Mean, also called mathematical expectation or average, is probably the most basic descriptive statistic, calculated as the sum of all values divided by the number of values. To calculate mean in R we can use the `mean()` function.
```{r}
# load data
data <- read.csv("./data/temperature.csv", sep=";")
# mean temperature
mean(data$temperature)
```
The trimmed mean (also truncated mean) involves the calculation of the mean after discarding given parts of a sample at the high and low end. So for example the 5% trimmed mean would first discard the 5% of the lowest and the 5% of the highest values and then calculate mean of the remaining values.
```{r}
# 5% trimmed mean
mean(data$temperature, trim=0.05)
```
Median represents the value that separates the higher half of the data sample from the lower half of the data sample (50% of values in the sample are lower than the median and 50% of values in the sample are higher than the median).
```{r}
# some data
some_data <- c(1, 2, 2, 4, 5, 7, 7, 9, 10)
median(some_data)
```
The standard deviation is a measure that is used to quantify the amount of variation or dispersion of a set of data values. A low standard deviation indicates that the data points tend to be close to the mean of the set, while a high standard deviation indicates that the data points are spread out over a wider range of values. If data are normally distributed then we can use the _68–95–99.7 rule_ to quickly assess the spread of the data -- approximately 68% of the data lies in a band of $\pm SD$ from the mean, 95% lies in a band of $\pm 2SD$ from the mean and 99.7% of the data lies in a band of $\pm 3SD$ from the mean. To calculate the standard deviation in R we can use the `sd()` function.
```{r}
# standard deviation
sd(data$temperature)
```
Confidence interval (CI) represents a range of values for which we are fairly sure the true value of a certain population parameter lies in. When calculating the interval we can specify the desired degree of confidence. The example below calculates the 95% CI for the temperature. We can calculate the interval's lower and upper bounds by using the `quantile()` function.

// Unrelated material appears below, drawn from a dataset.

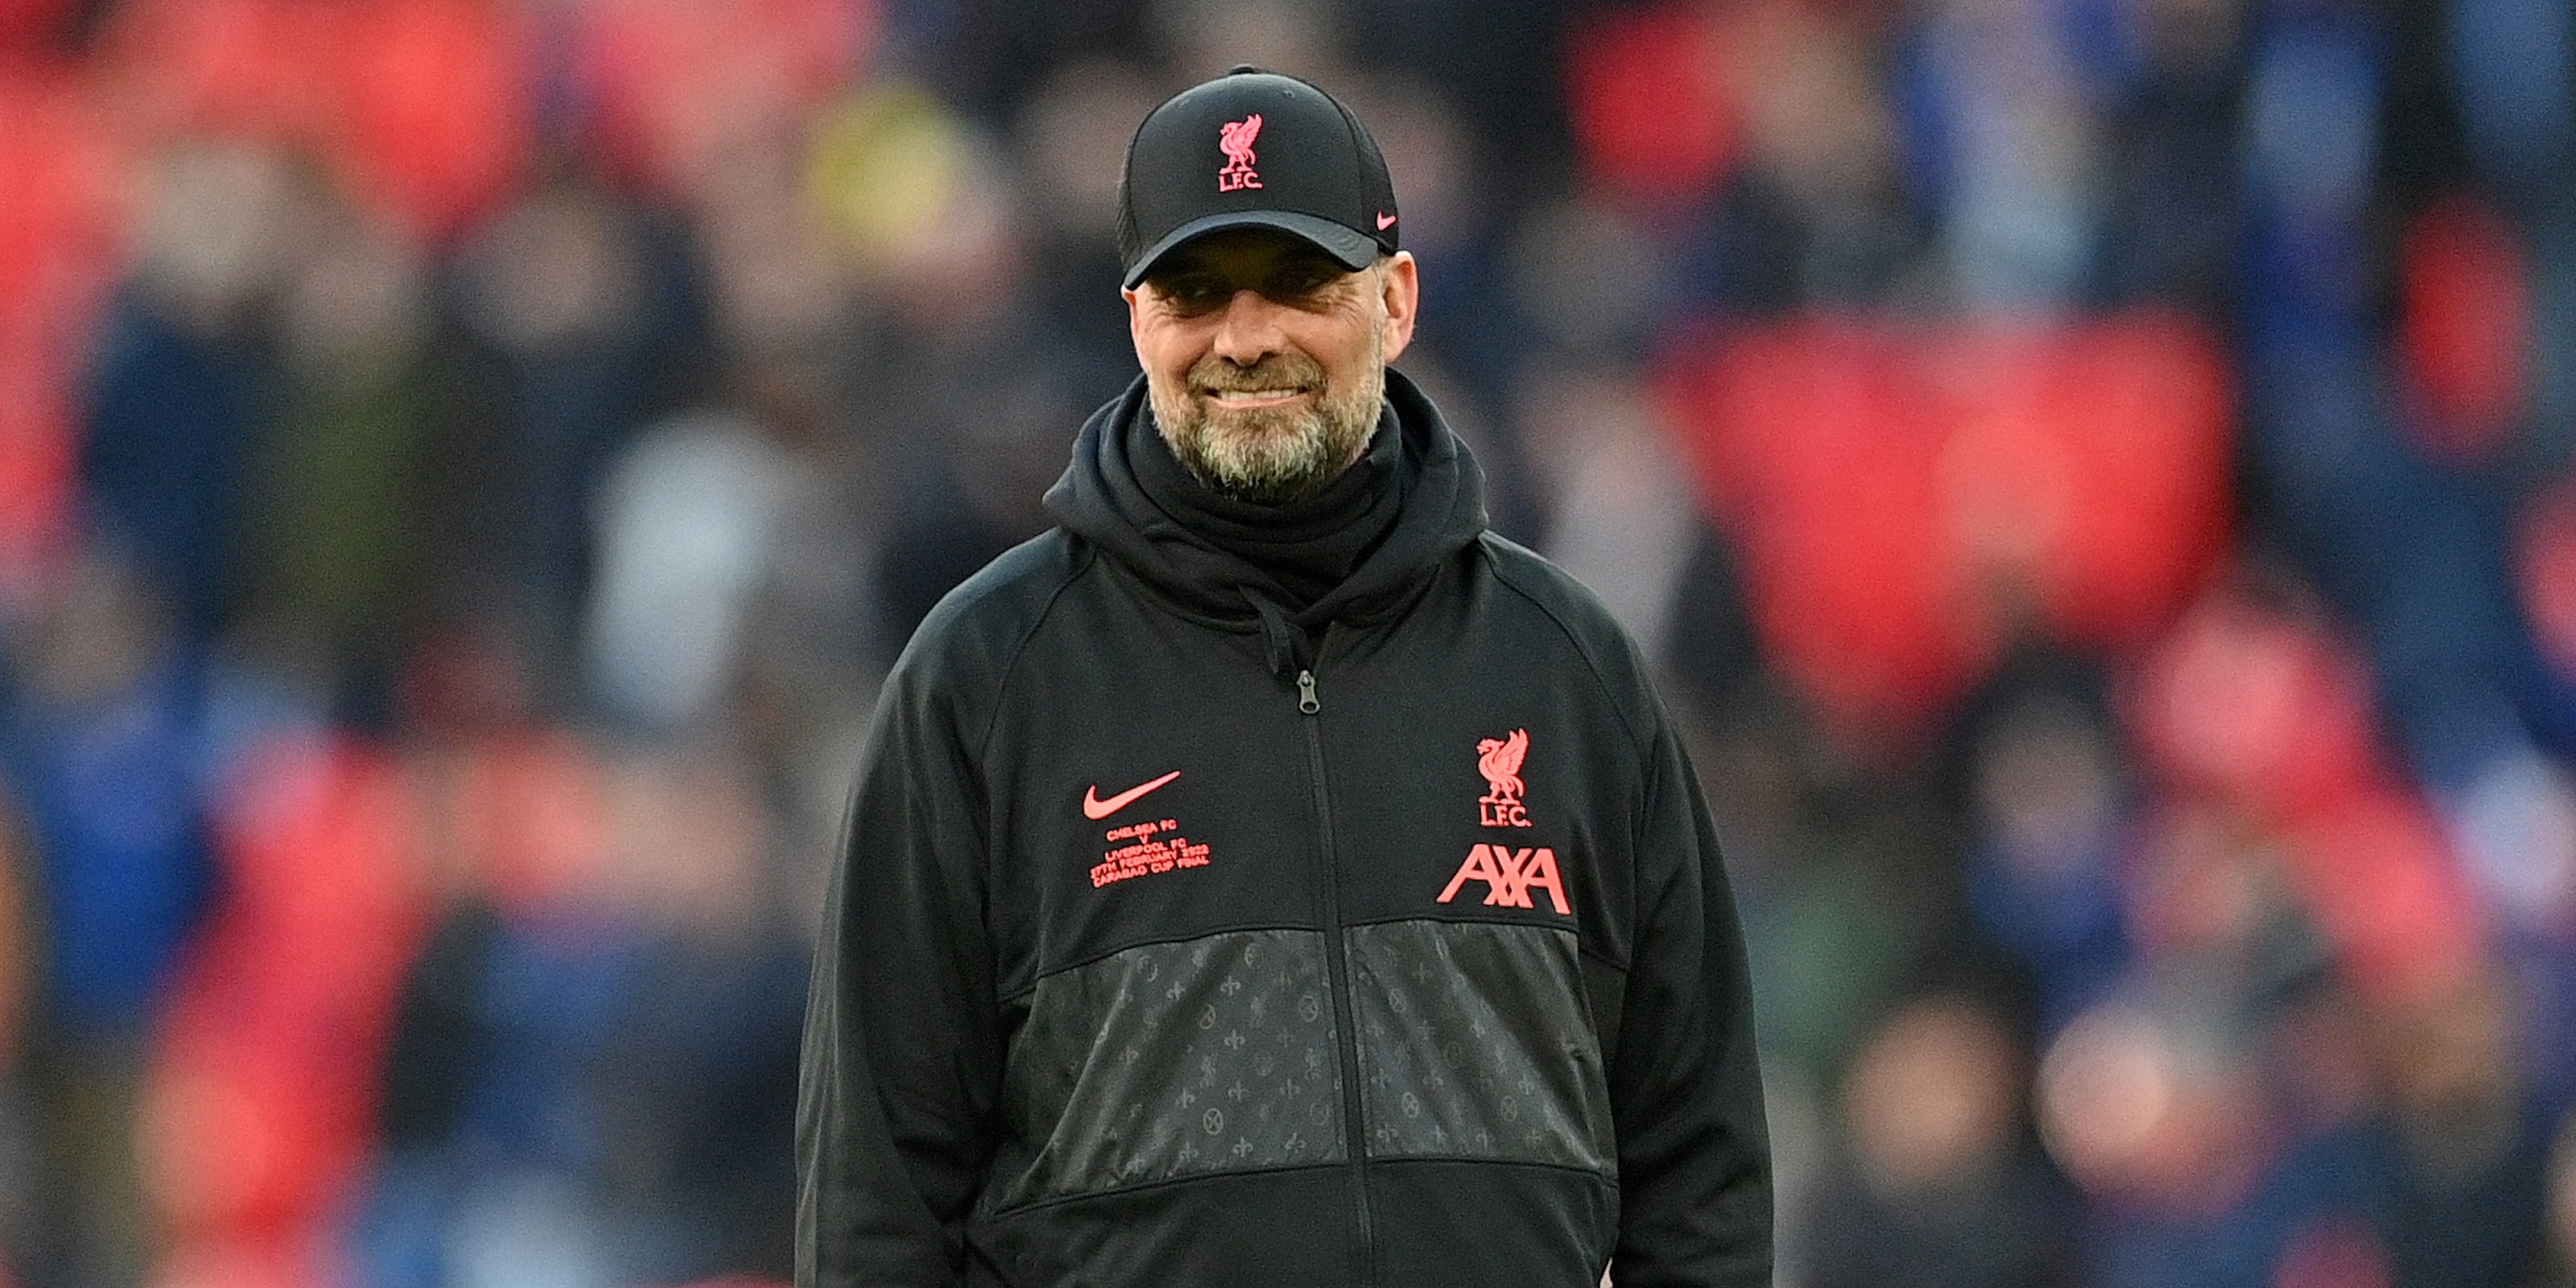 Klopp’s plan for Liverpool exit set to heavily contrast with Ferguson’s Man Utd departure in one clear way

In the example below we merge the two bounds in a proper mathematical representation of an interval by using the `paste0()` function.
```{r}
# lower bound - discard bottom 2.5% of the data
lower <- quantile(data$temperature, 0.025)
# upper bound - discard top 2.5% od the data
upper <- quantile(data$temperature, 1 - 0.025)
# merge
paste0("[", lower, ", ", upper, "]")
```
We can use all of the functions above inside the `dplyr` framework, for example we can easily calculate mean temperature for each country independently.
```{r, message = FALSE}
# load the library
library(dplyr)
# calculate
countries_t <- data %>%
group_by(country) %>%
summarize(mean_t = mean(temperature))
countries_t
```
## Linear regression model
The linear regression model (sometimes also called just the linear model) is a linear approach towards modelling the relationship between the dependent (or response) variable and one or more independent (or explanatory) variables. In this workshop we will take a look at the simplest case with only one explanatory variable, which is called simple linear regression.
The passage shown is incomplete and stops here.